DECCAN CHRONICLE | RASHMI RAJAGOPAL LOBO
Published Nov 13, 2015, 12:45 pm IST
Updated Feb 23, 2016, 2:43 pm IST
The multi-faceted Sruti Harihara Subramaniam will be screening her debut feature film in our city
Sruti Harihara Subramanian
 Sruti Harihara Subramanian

The strikingly beautiful Sruti Harihara Subramanian dons many hats — from that of a model to an actor, to an entrepreneur and a filmmaker. But it’s mainly for the latter that the young lady will be in the city this week. She screens her debut feature film, A Far Afternoon — A Painted Saga by Krishen Khanna, to Bengaluru’s art lovers at the National Gallery of Modern Art. “It’s a film about a national figure so it’s not restricted to any particular city. But Bengaluru has a strong art presence and we thought this film would be well received there,” begins Chennai-based Subramanian.
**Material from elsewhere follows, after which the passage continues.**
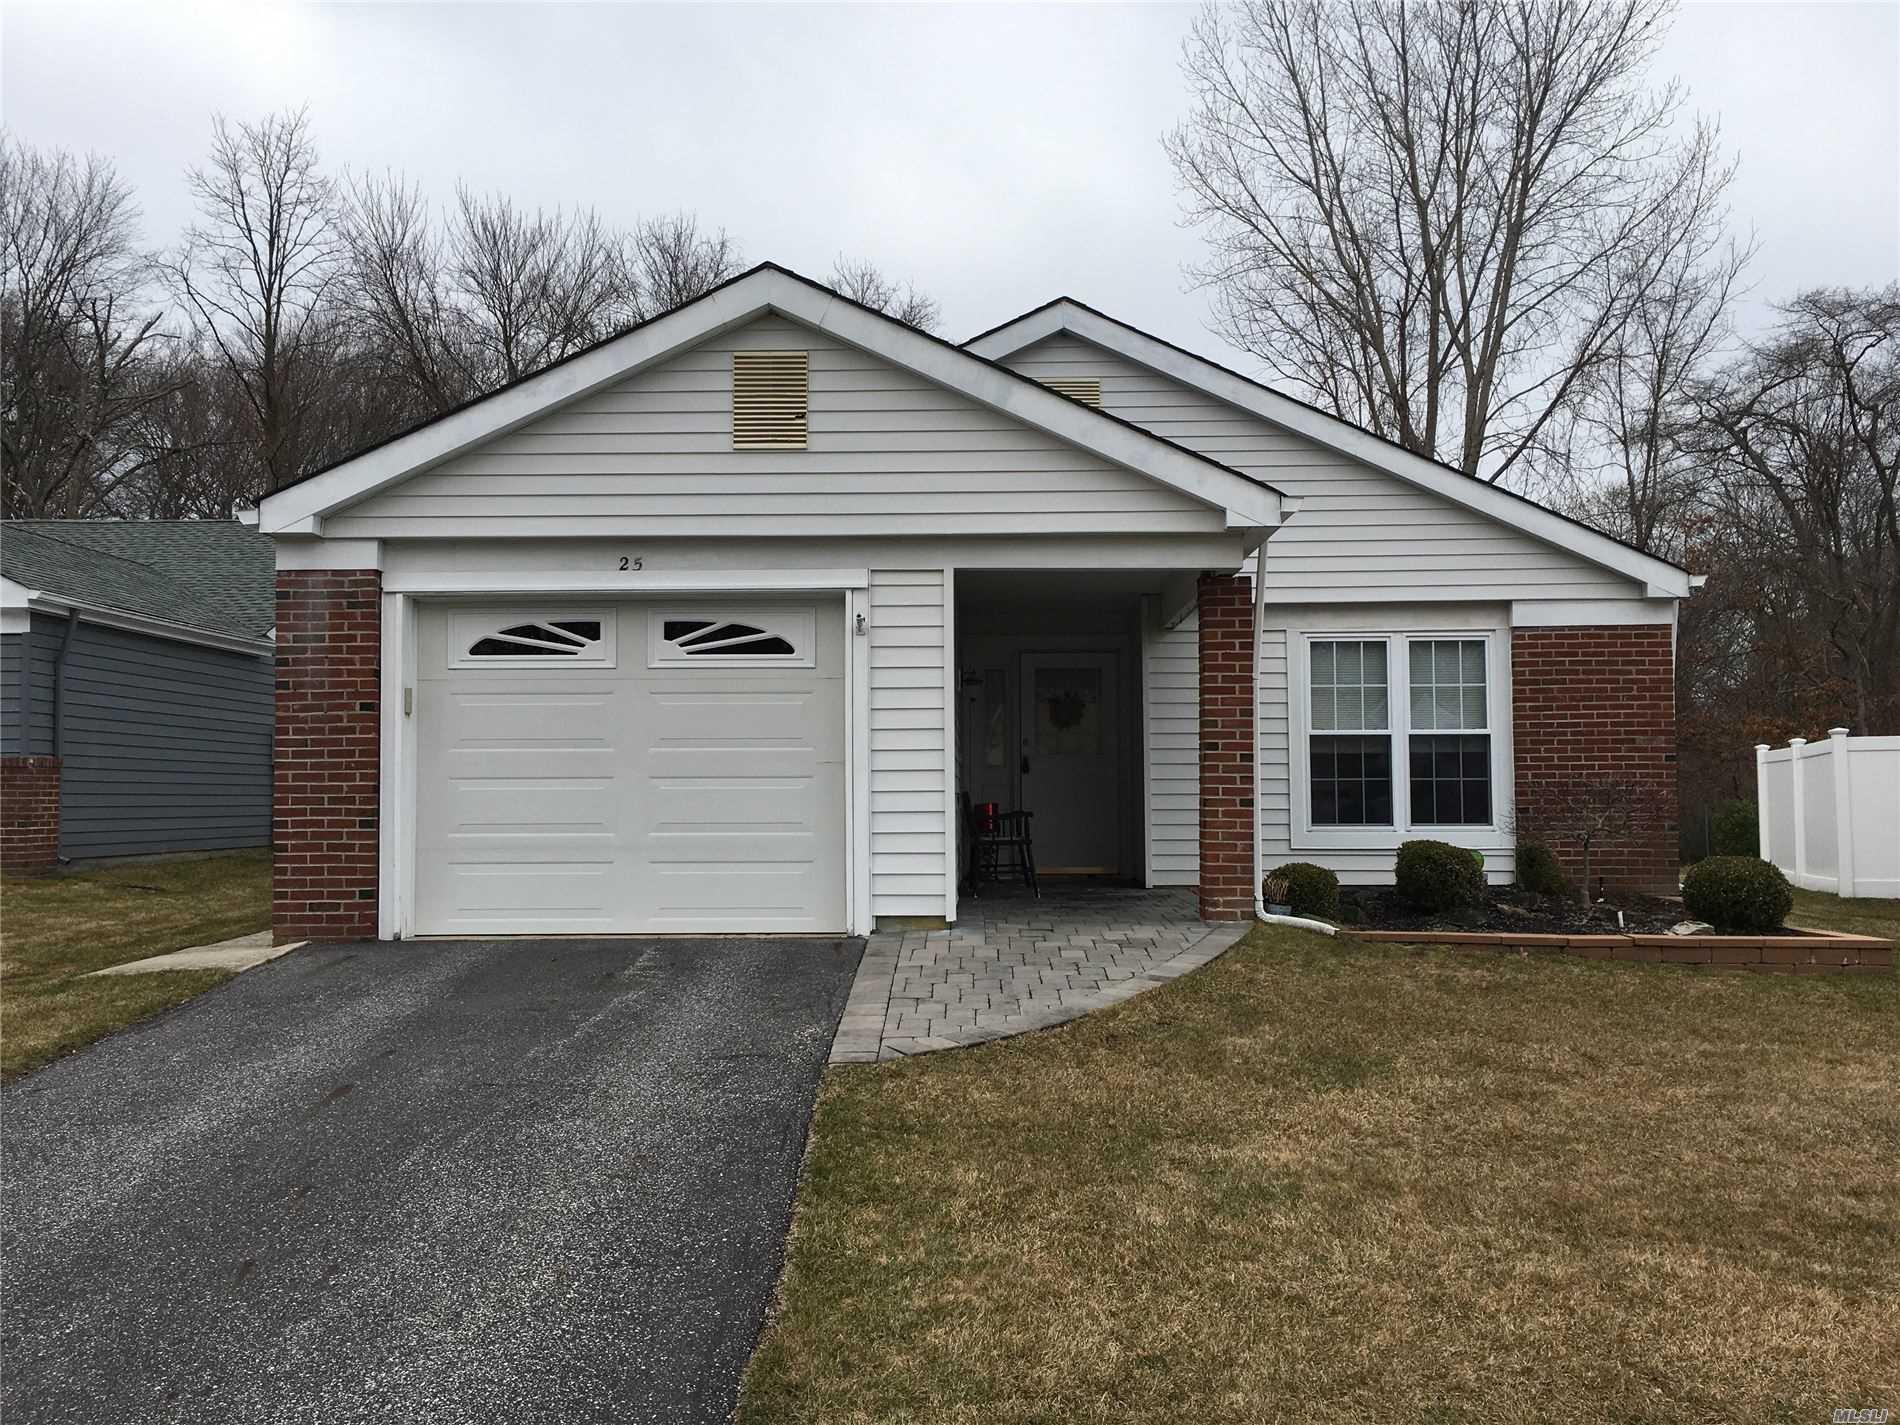 Property for sale at 25 Lamont Road, Ridge NY 11961, Ridge,  New York 11961

An actor with appearances in South Indian soaps, her curiosity about what it’s like on the other side of the camera is what saw her turning director. “I enjoy modelling, theatre and acting, but was always curious about being in the middle of what happens behind the camera. This film gave me a great opportunity to work on a full-fledged feature film,” she says, adding, “I have a company, Happy Wanderer Films, which does ad and corporate videos. This was something completely different and exciting,” she says.

 

The legendary artist, Krishen Khanna’s newly completed 20-foot painting inspired by memories collected over time, forms the focus of A Far Afternoon. Shot in Delhi, she shares how this project made her feel exhilarated and nervous at the same time. “It was thrilling to be working with such a legendary artist, whose works I’d only seen hanging on the walls of ITC Maurya in Delhi. But it was also quite intimidating because the general conception is that artists are moody and prone to tantrums. But Krishen was so warm and friendly. We even met his wife who was equally generous and welcomed us into their home with open arms,” says the model who considers Bengaluru her second home as her closest relatives live here. “I practically live half my life in Bengaluru, visiting aunts and uncles. I love the city and its people who are so open to new ideas and people,” she elaborates.
 
Approached by Piramal Art Foundation to film the 90-year-old seasoned artist in action, mainly as a way to archive the creation of the masterpiece, Subramanian shares that it unfolded so beautifully that they decided to turn it into a feature documentary. The film captures the artist, whose contemporaries include the likes of MF Hussain, as he goes about creating the 20-feet art piece, looks at his life as an artist, the various influences that have shaped him and touches upon his personal life too. With the film being selected to show as part of the international documentary competition at the All lights India International Film Festival, Kochi later this week, Subramaniam currently has her sights set firmly on victory.